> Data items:
::::::::::

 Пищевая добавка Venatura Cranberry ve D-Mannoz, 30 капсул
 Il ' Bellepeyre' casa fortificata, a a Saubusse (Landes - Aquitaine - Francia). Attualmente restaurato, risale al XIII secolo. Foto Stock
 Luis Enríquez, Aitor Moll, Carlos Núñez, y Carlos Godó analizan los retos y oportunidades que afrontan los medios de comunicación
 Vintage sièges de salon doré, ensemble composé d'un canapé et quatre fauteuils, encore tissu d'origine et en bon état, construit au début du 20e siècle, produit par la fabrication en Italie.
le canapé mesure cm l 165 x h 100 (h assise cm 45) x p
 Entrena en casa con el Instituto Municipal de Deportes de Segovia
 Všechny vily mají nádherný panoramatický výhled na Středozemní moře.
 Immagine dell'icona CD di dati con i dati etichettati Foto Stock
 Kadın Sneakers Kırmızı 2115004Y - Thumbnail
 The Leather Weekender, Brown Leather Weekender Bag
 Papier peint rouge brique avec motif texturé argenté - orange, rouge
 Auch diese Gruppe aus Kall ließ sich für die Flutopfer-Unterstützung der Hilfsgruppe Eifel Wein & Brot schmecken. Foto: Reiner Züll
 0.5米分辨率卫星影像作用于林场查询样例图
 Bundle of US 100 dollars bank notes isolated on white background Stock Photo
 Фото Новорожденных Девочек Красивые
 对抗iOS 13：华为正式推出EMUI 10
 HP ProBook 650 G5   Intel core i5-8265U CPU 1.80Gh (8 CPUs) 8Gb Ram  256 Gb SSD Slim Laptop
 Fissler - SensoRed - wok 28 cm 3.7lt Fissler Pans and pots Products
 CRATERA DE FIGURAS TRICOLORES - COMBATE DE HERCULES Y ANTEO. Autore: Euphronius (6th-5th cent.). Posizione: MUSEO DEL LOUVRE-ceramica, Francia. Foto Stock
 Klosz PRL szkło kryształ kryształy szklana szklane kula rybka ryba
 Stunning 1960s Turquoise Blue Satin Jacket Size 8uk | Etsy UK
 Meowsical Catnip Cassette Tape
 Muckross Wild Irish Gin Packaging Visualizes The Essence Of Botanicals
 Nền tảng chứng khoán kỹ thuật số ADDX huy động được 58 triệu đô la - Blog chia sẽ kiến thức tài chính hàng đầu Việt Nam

::::::::::

> Work instruction:
Only the lines with the string "Foto" are wanted; pick them out of the records above and copy them.

> Answer below:
 Il ' Bellepeyre' casa fortificata, a a Saubusse (Landes - Aquitaine - Francia). Attualmente restaurato, risale al XIII secolo. Foto Stock
 Immagine dell'icona CD di dati con i dati etichettati Foto Stock
 Auch diese Gruppe aus Kall ließ sich für die Flutopfer-Unterstützung der Hilfsgruppe Eifel Wein & Brot schmecken. Foto: Reiner Züll
 CRATERA DE FIGURAS TRICOLORES - COMBATE DE HERCULES Y ANTEO. Autore: Euphronius (6th-5th cent.). Posizione: MUSEO DEL LOUVRE-ceramica, Francia. Foto Stock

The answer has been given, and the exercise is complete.